The real problem though is that I have no idea what I want to do with my life. I have all the options in the world open to me and I actually have the money to do whatever I want to do. I could walk out of this job tomorrow if I wanted to no problem! I am not saying that 400k is enough to retire on indefinitely, but it’s definitely enough to go do sth else or take a break or whatever. And in all honesty, if I had the faintest idea of what I want to do, I would go do it right this very moment. The problem is I don’t. I mean, I am not some boring person with no hobbies, of course I have interests, but I really want to find another “career” or something else that I want to do.
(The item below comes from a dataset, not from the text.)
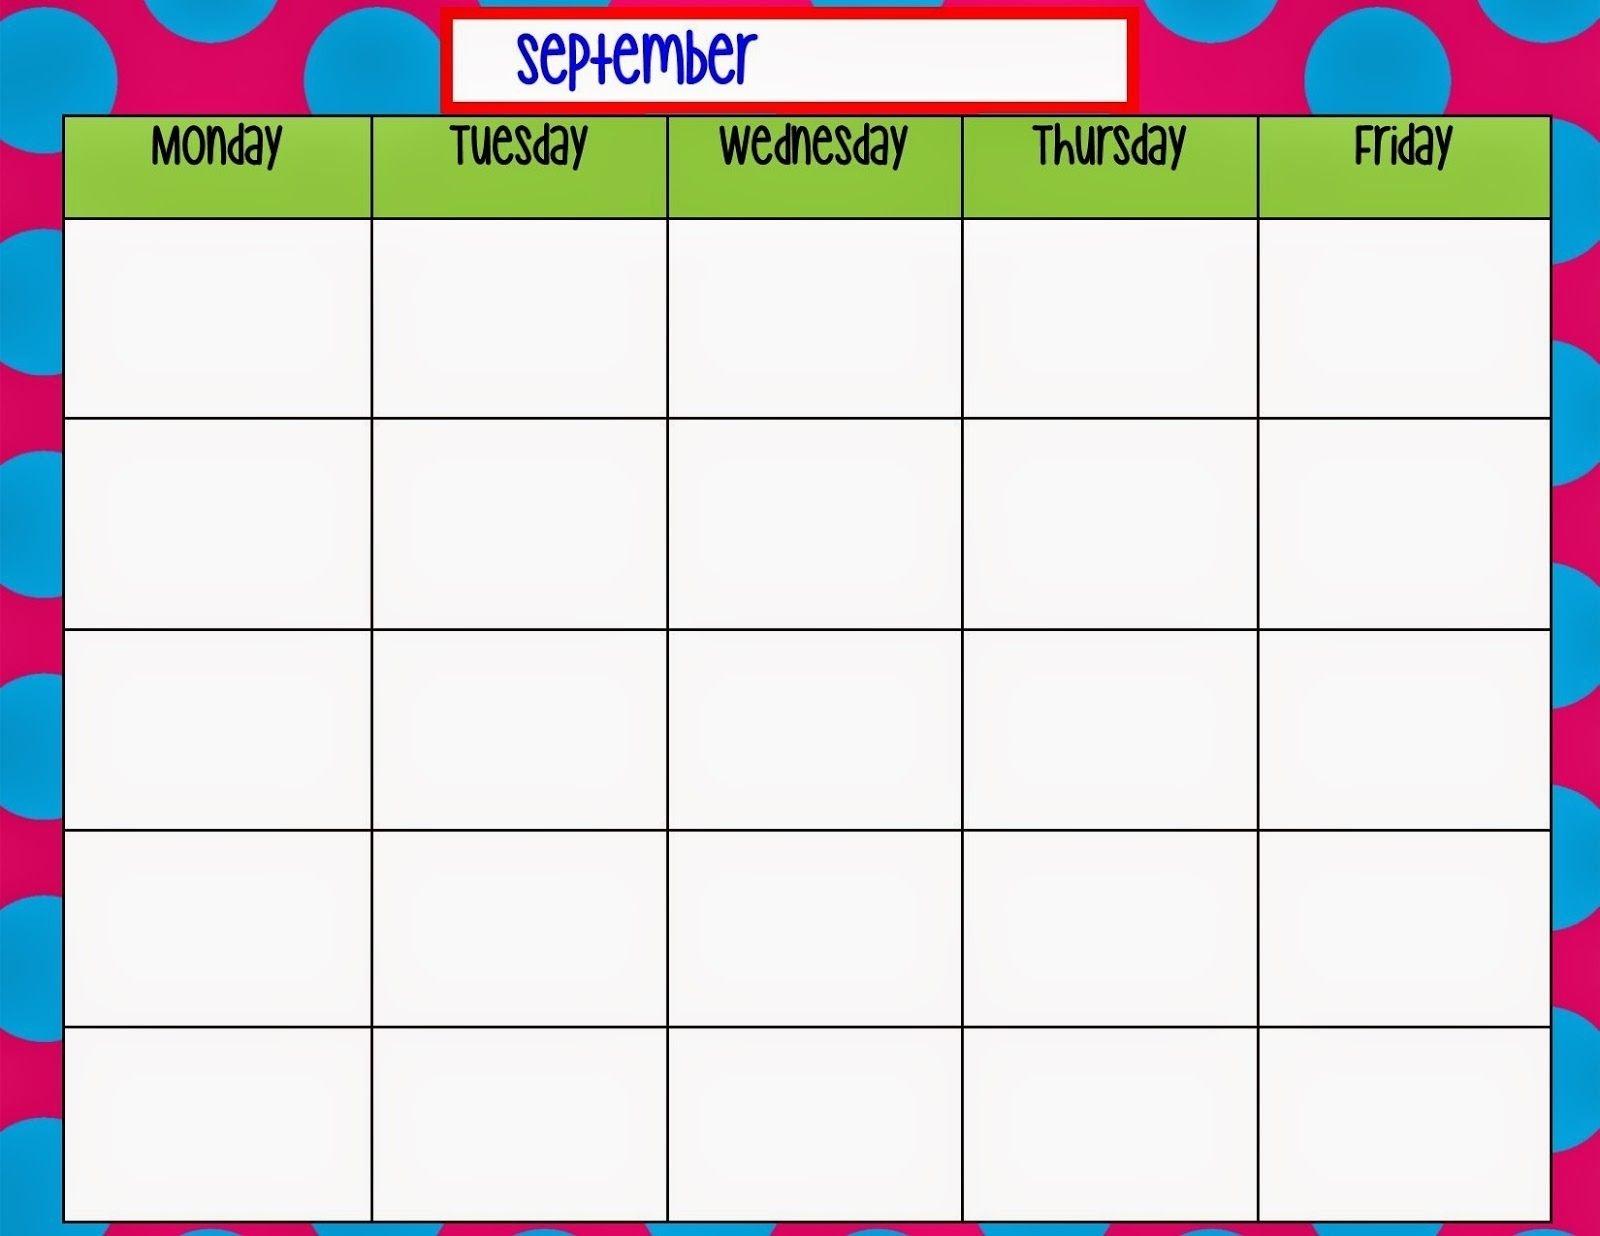 Monday Through Friday Schedule Printable - Calendar Printable Monday To Friday Timetable

Has anyone found themselves in a vaguely similar situation before? What did you end up doing? Any inspirational advice?
My game plan for now is to stick with my job until end of 2014 by which time I should have 500-550k saved. The reason I don’t quit my job right now is because I just started a few months ago in this position and I am firmly opposed to quitting anything before you have tried it for at least a full year and I actually do like this job generally despite my lack of motivation. I plan to take 2015 off, first to go on a world trip for 6 months (which is sth that I have dreamed about for years) and then I will budget another 6 months for job searching or trying out different things in the hope of finding what I really want to do with my life. What do you think? Good plan? Bad plan? My biggest worry is that even after taking a year off I might not know what I want and just waste away the days/months/years….maybe not quite realistic to think that, but I do. Has anyone here ever taken a year off (without knowing what comes after that)? How did that turn out?
For those of you who are FI or retired early, how did you find/know what you really wanted to do? Did you always know it? Do you ever feel like you are not exploring your full potential? I feel like I need to do sth meaningful and impactful with my life, even if I had $100mn in the bank, I wouldn’t just move to a nice house in the country and live a life of leisure until I drop dead…I feel like life needs to have more meaning than that, like I need to make a bigger contribution to the world. Does anyone here feel like this? Ever gone through this in their lives, especially those who chose to retire early?